- Requirement -
Find the line that holds "Duffle Bag Authentic", then repeat it and each line below it word for word through the end of the listing, leaving out pictures.

- Given data -

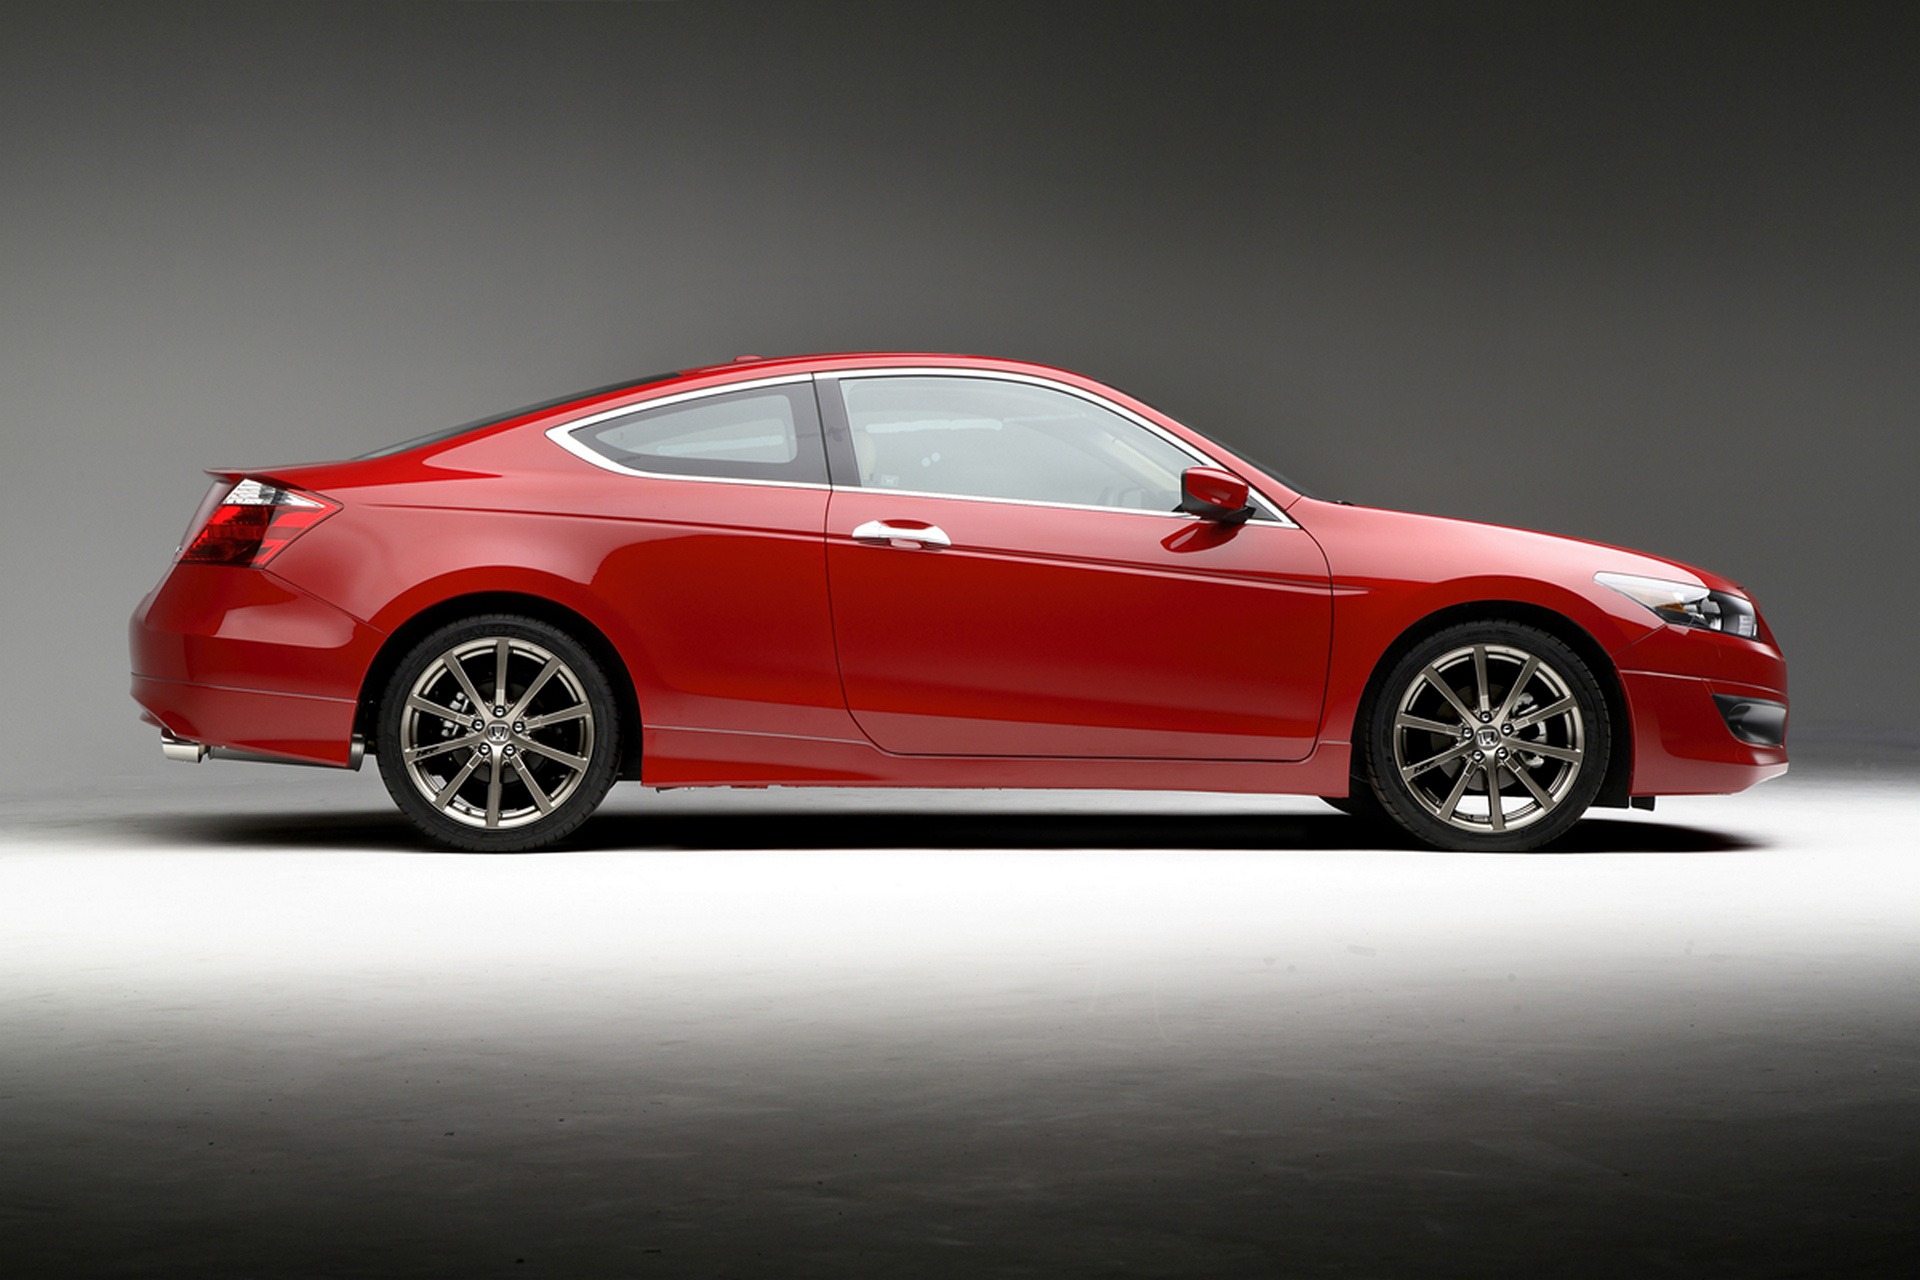 2008 Accord 8th Generation © Honda Motor Co., Ltd.
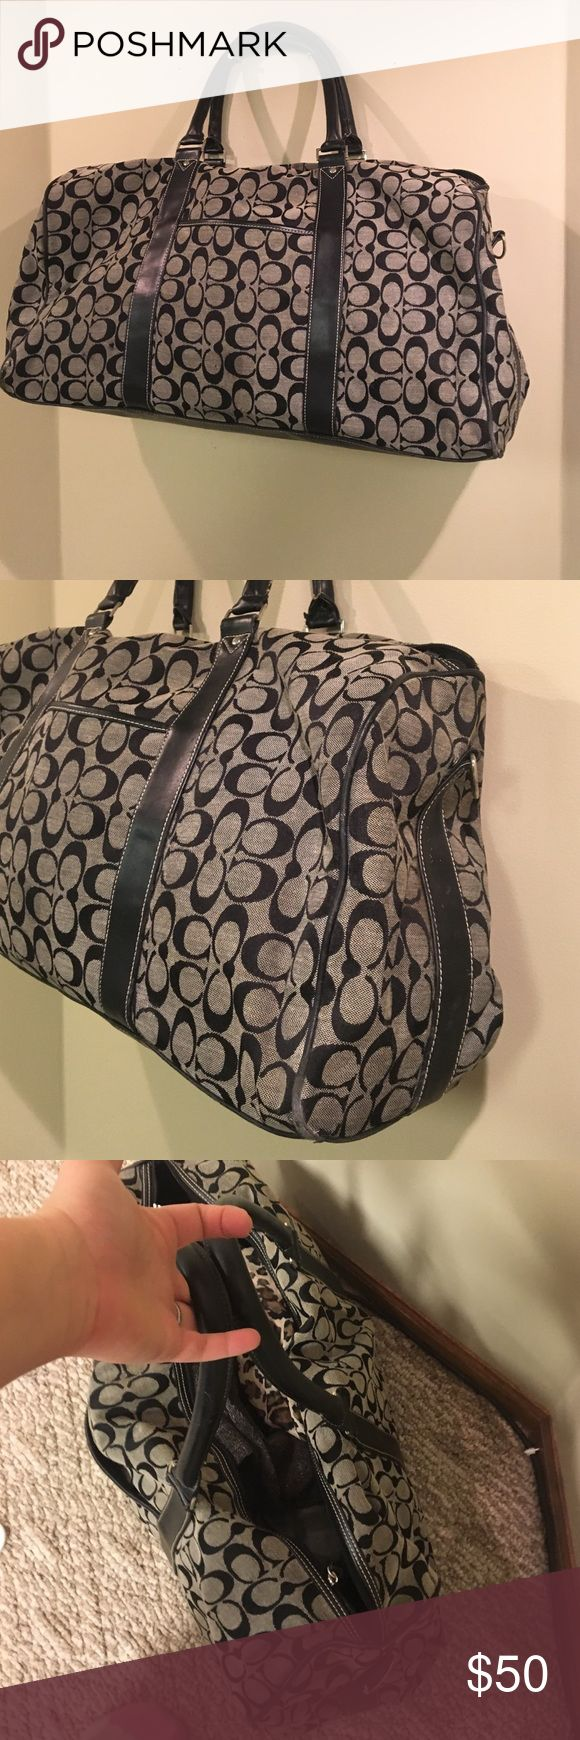 "Coach Duffle Bag Authentic Authentic Coach Duffle bag. 23"" by 7"" Coach Bags Travel Bags"
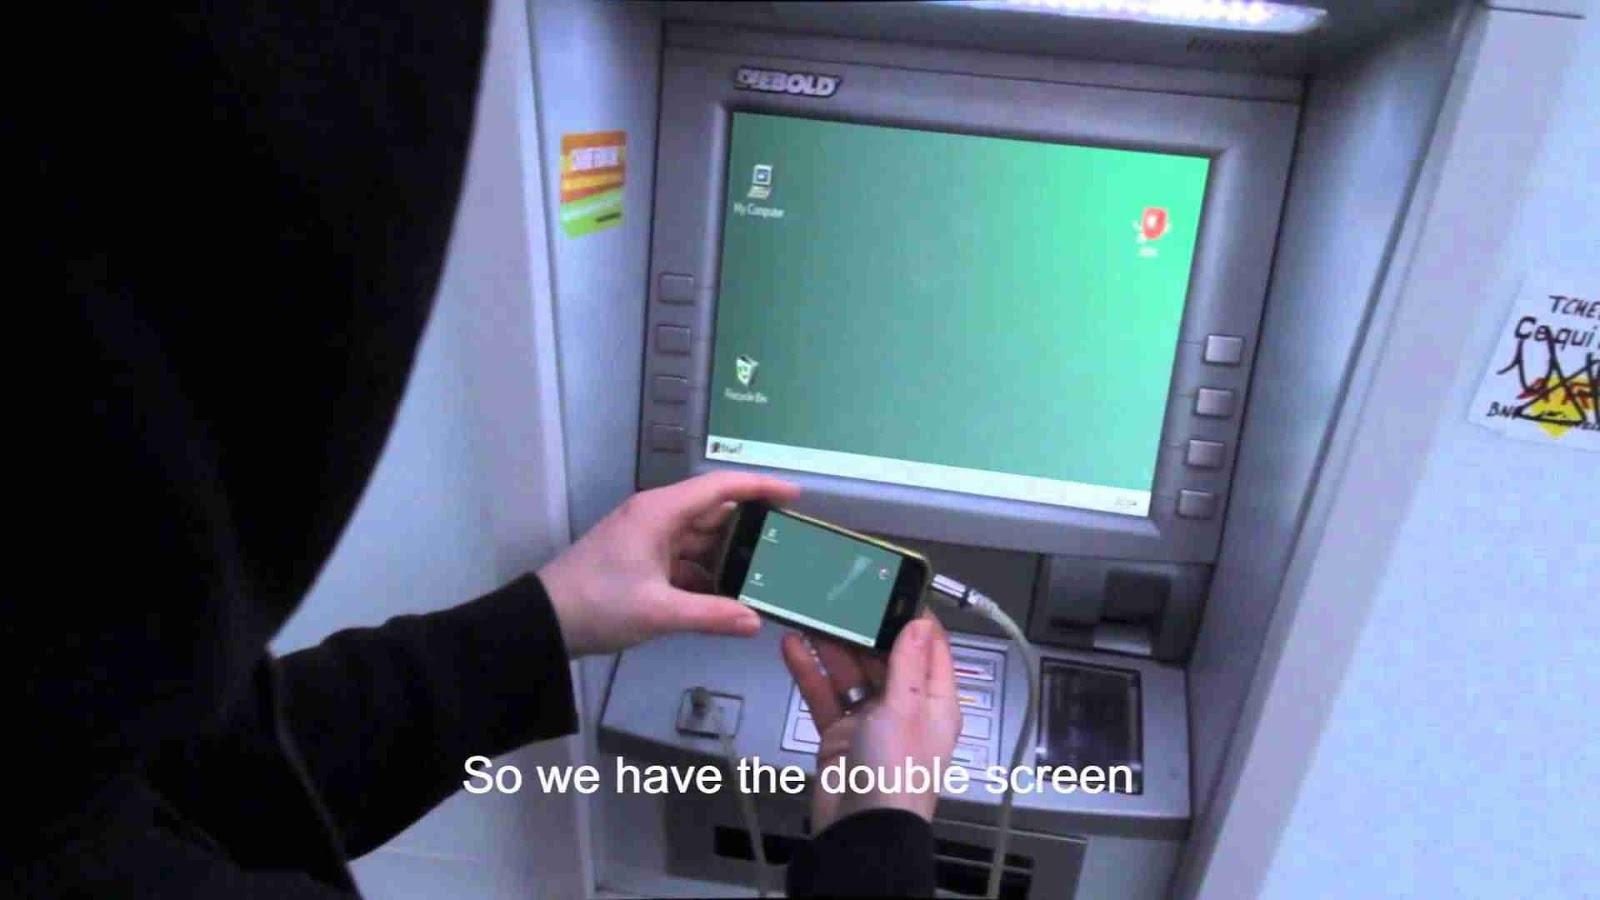 3 Cara Bobol Mesin ATM   Hacker Trick - ArtikelCara10 nOOb

- Answer space -
 "Coach Duffle Bag Authentic Authentic Coach Duffle bag. 23"" by 7"" Coach Bags Travel Bags"
 3 Cara Bobol Mesin ATM   Hacker Trick - ArtikelCara10 nOOb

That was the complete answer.